2. Obtaining the spectrum envelope information from an encoded signal obtained by encoding frequency spectrum information on a frequency spectrum of a target signal that changes temporally or spatially and spectrum envelope information on a spectrum envelope of the target signal, A spectrum envelope restoration unit for restoring the spectrum envelope for each frequency component of the frequency spectrum of the target signal based on the acquired spectrum envelope information; and the spectrum envelope restored by the spectrum envelope restoration unit. Allocation bit number obtaining means for obtaining the number of allocated bits allocated to each frequency component of the frequency spectrum of the frequency spectrum information, and obtaining the frequency spectrum information from the encoded signal, and obtaining the allocated bit number obtained by the allocated bit number obtaining means. Based on the number,
Frequency spectrum decoding means for decoding the frequency spectrum of the target signal from the acquired frequency spectrum information, based on the frequency spectrum of the target signal decoded by the frequency spectrum decoding means,
A signal decoding device comprising: a signal restoring unit that restores the target signal.

3. A computer for obtaining a frequency spectrum of a spatially or temporally changing target signal, extracting a spectrum envelope from the frequency spectrum of the target signal, and responding to the spectrum envelope according to the spectrum envelope. A procedure for determining the number of bits to be allocated to each frequency component of the frequency spectrum, a procedure for quantizing the frequency spectrum of the target signal based on the number of allocated bits, frequency spectrum information on the frequency spectrum of the target signal, and the spectrum envelope A computer-readable recording medium on which a signal encoding program for executing a procedure for generating an encoded signal obtained by encoding spectral envelope information defining the following is stored.

4. A computer according to claim 1, wherein said spectral envelope information is obtained from an encoded signal obtained by encoding frequency spectrum information relating to a frequency spectrum of a target signal which changes temporally or spatially and spectral envelope information relating to a spectrum envelope of said target signal.
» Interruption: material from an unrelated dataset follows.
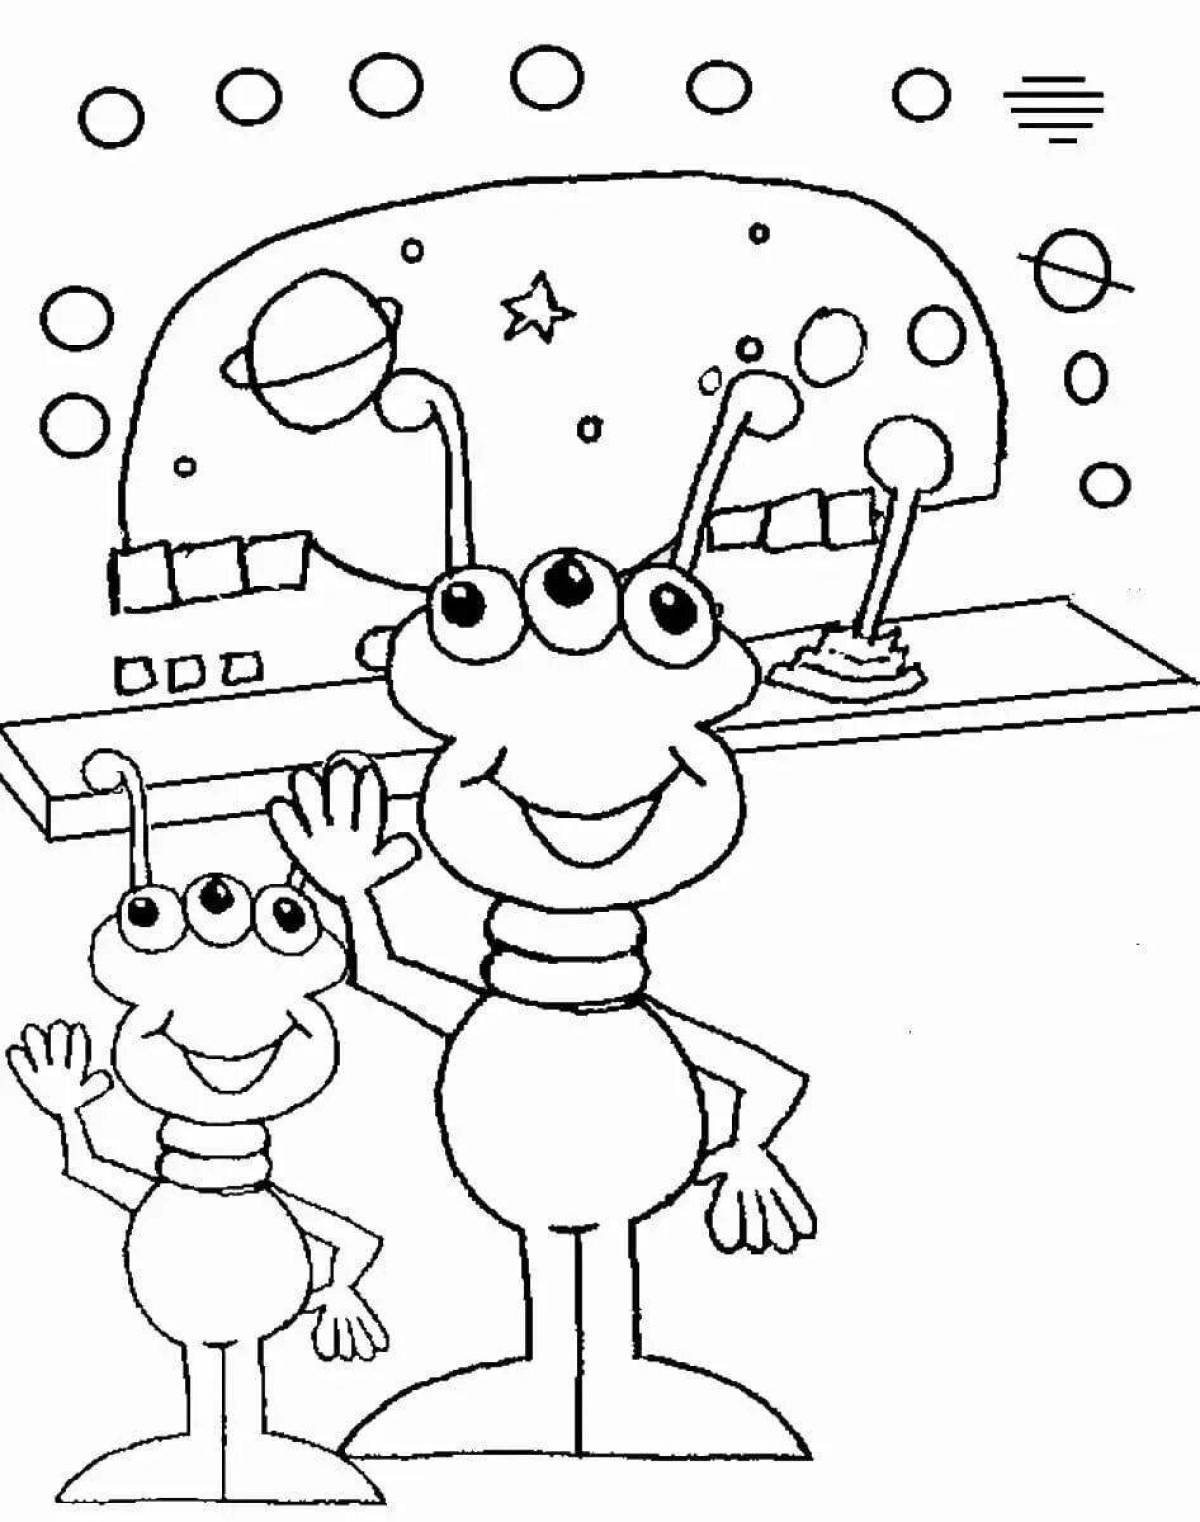 Color-delight aliens coloring page for kids

Acquiring and restoring the spectrum envelope for each frequency component of the frequency spectrum of the target signal based on the spectrum envelope information; and assigning bits assigned to each frequency component of the frequency spectrum of the target signal from the spectrum envelope. Obtaining the frequency spectrum information from the coded signal, decoding the frequency spectrum of the target signal from the frequency spectrum information based on the allocated bit number, and obtaining the frequency spectrum of the target signal. The target signal is restored based on A computer-readable recording medium on which a signal decoding program for executing the original procedure is recorded.